** Opening DATA SEGMENT block **

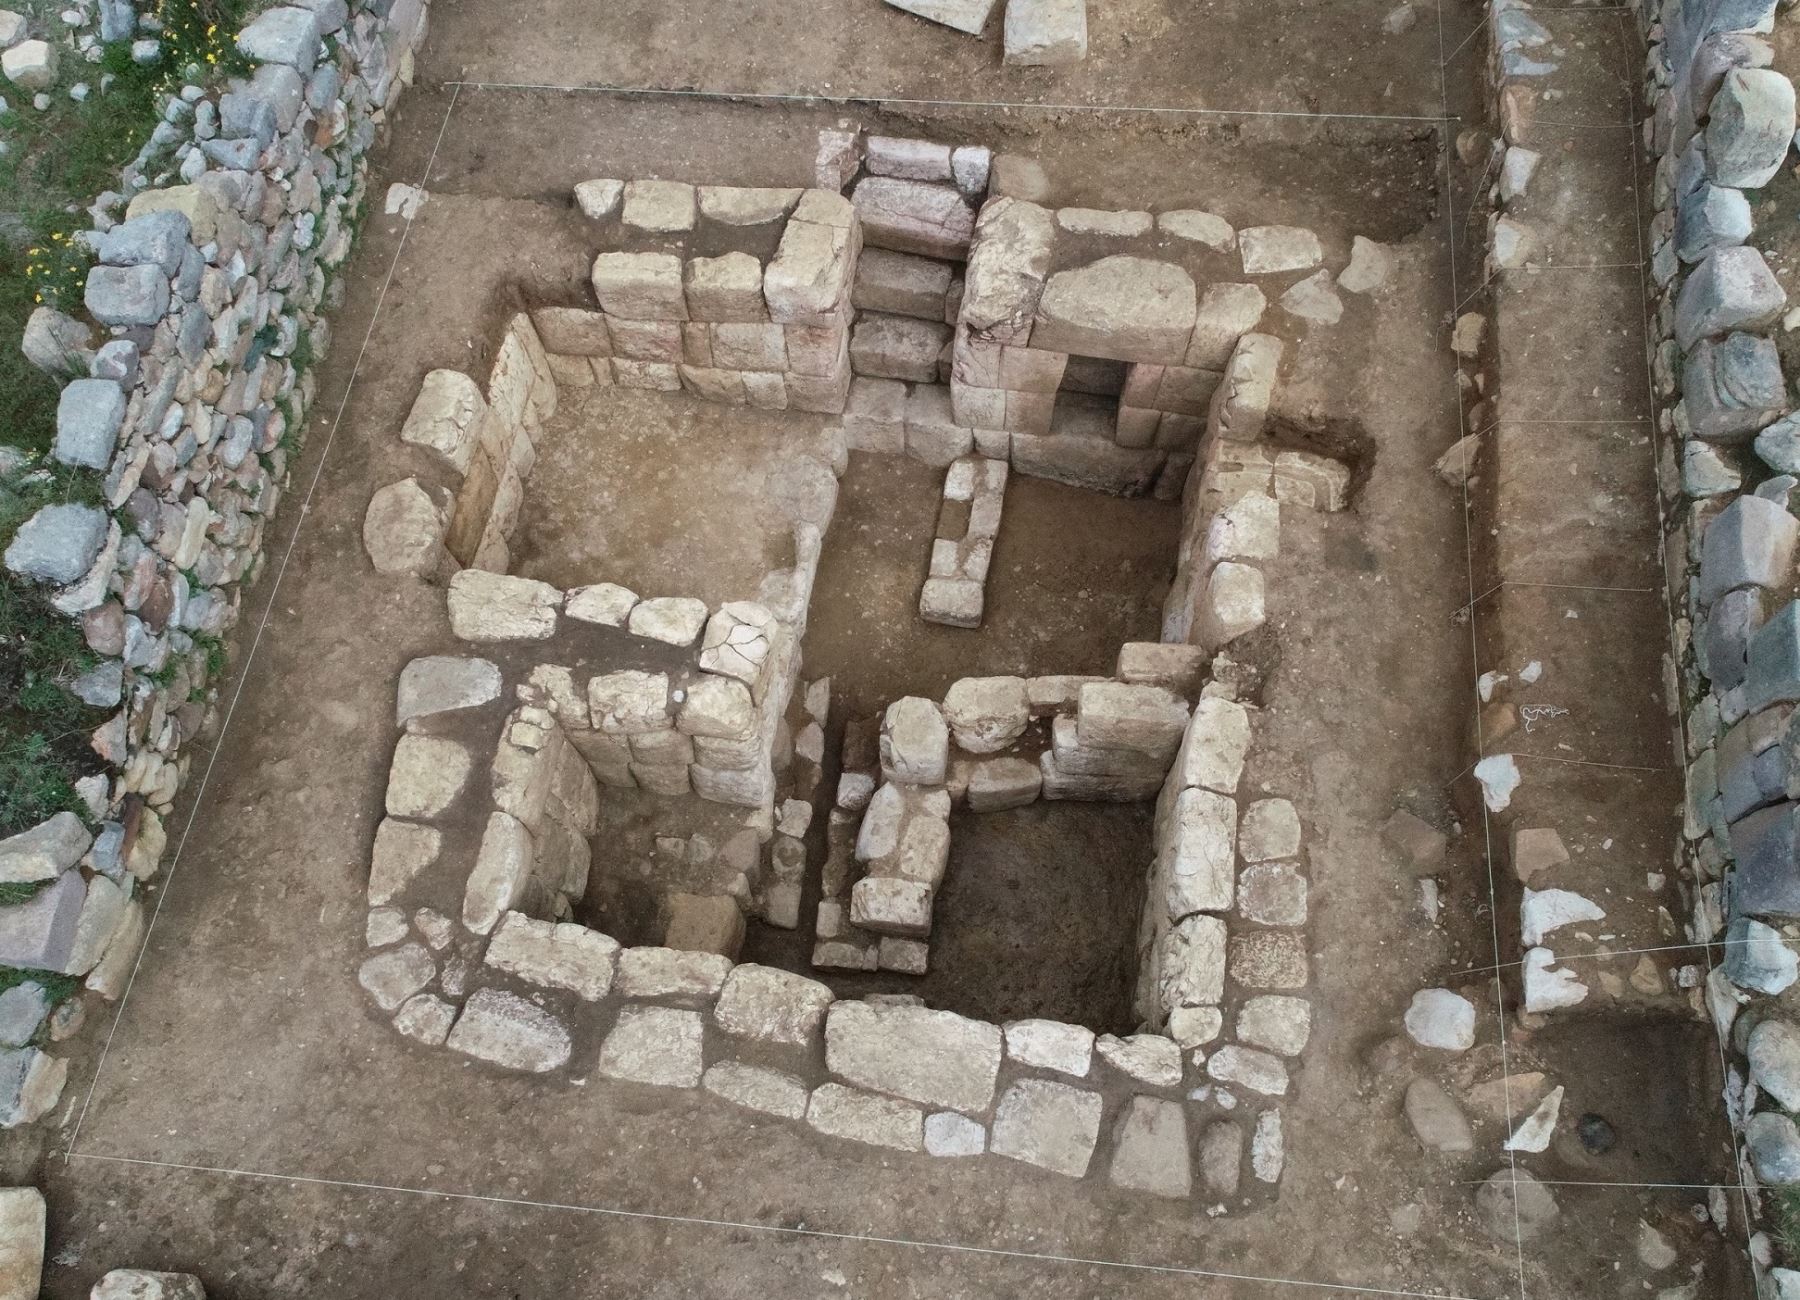 Arqueólogos peruanos hallaron un segundo baño del Inca en la zona arqueológica de Huánuco Pampa, región Huánuco, informó el Ministerio de Cultura.
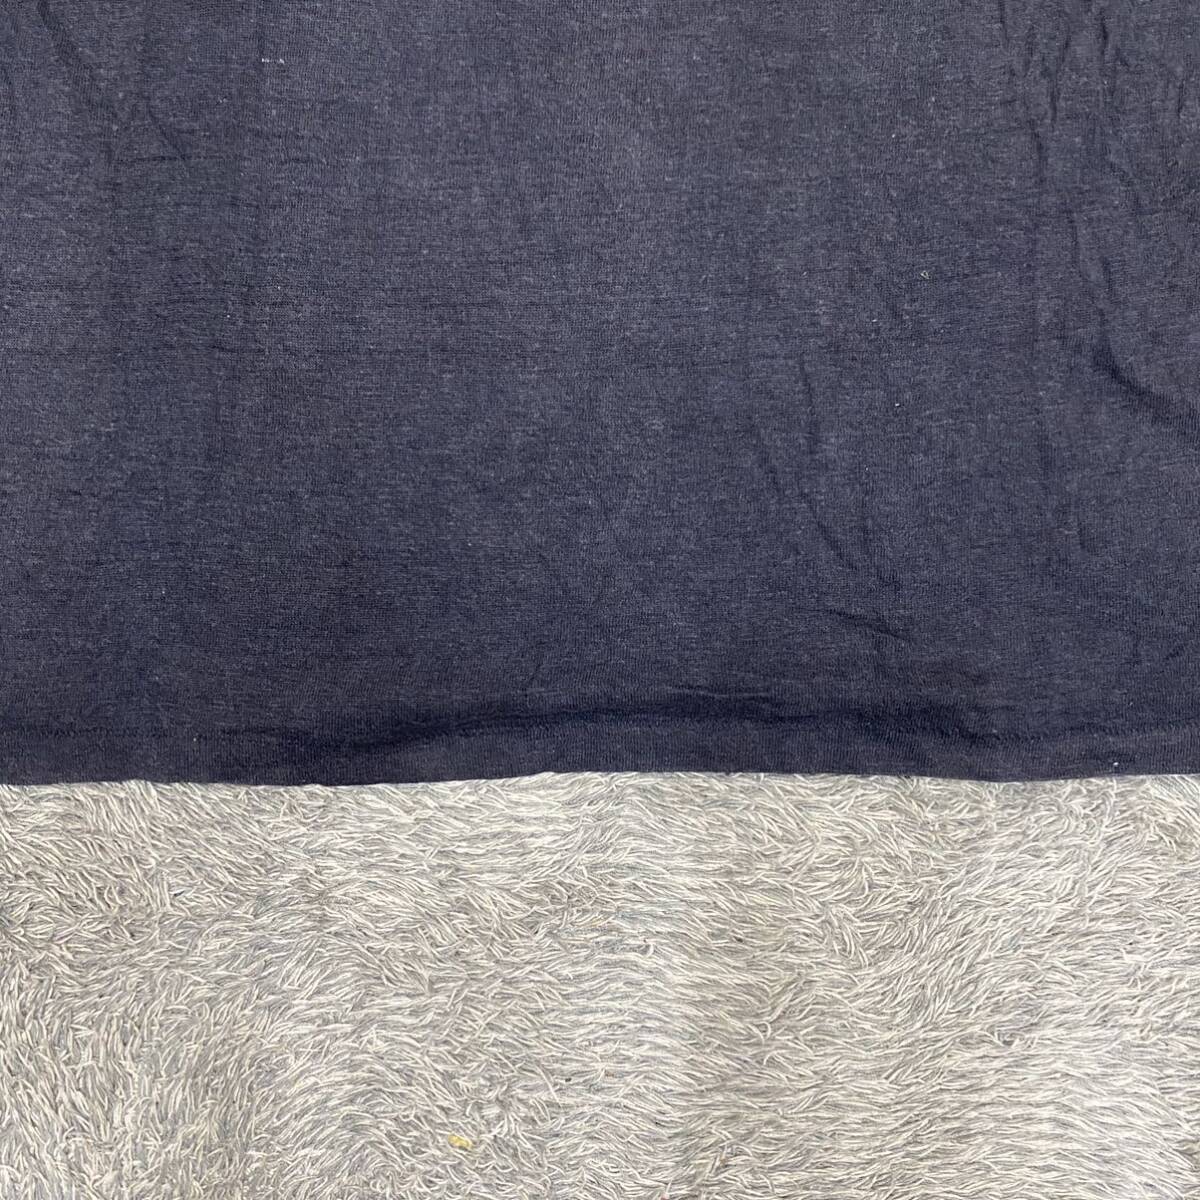 Acne Studios アクネストゥディオズ Tシャツ 半袖カットソー リネン 麻 サイズXS ネイビー 紺色 レディース トップス 最落なし （S19）_画像4
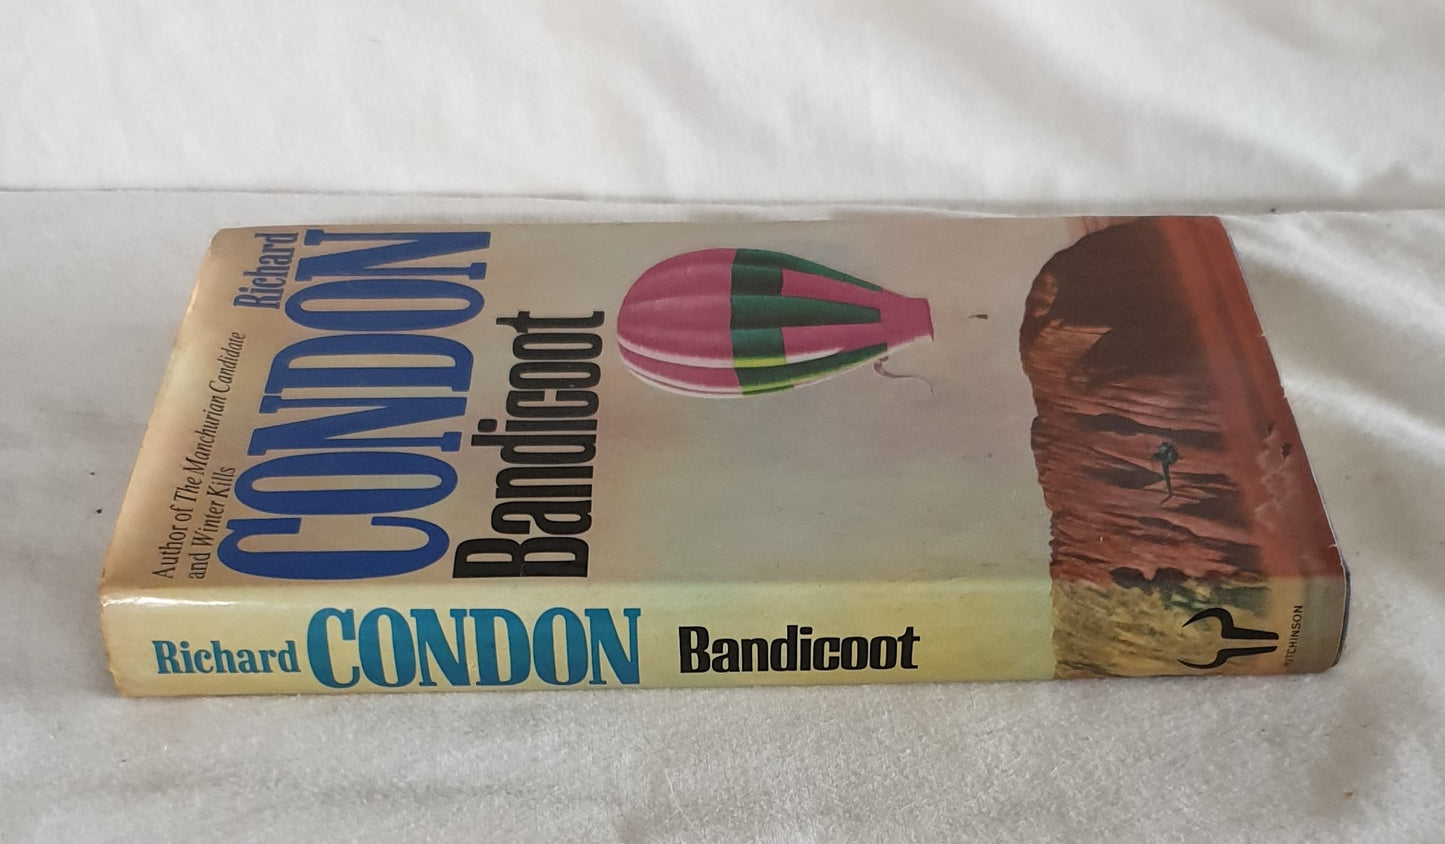 Bandicoot by Richard Condon

** Closing DATA SEGMENT block **

### TASK BRIEF
In your copy of the material, every word must match and no image should appear.

### TASK SOLUTION
 Arqueólogos peruanos hallaron un segundo baño del Inca en la zona arqueológica de Huánuco Pampa, región Huánuco, informó el Ministerio de Cultura.
 Acne Studios アクネストゥディオズ Tシャツ 半袖カットソー リネン 麻 サイズXS ネイビー 紺色 レディース トップス 最落なし （S19）_画像4
 Bandicoot by Richard Condon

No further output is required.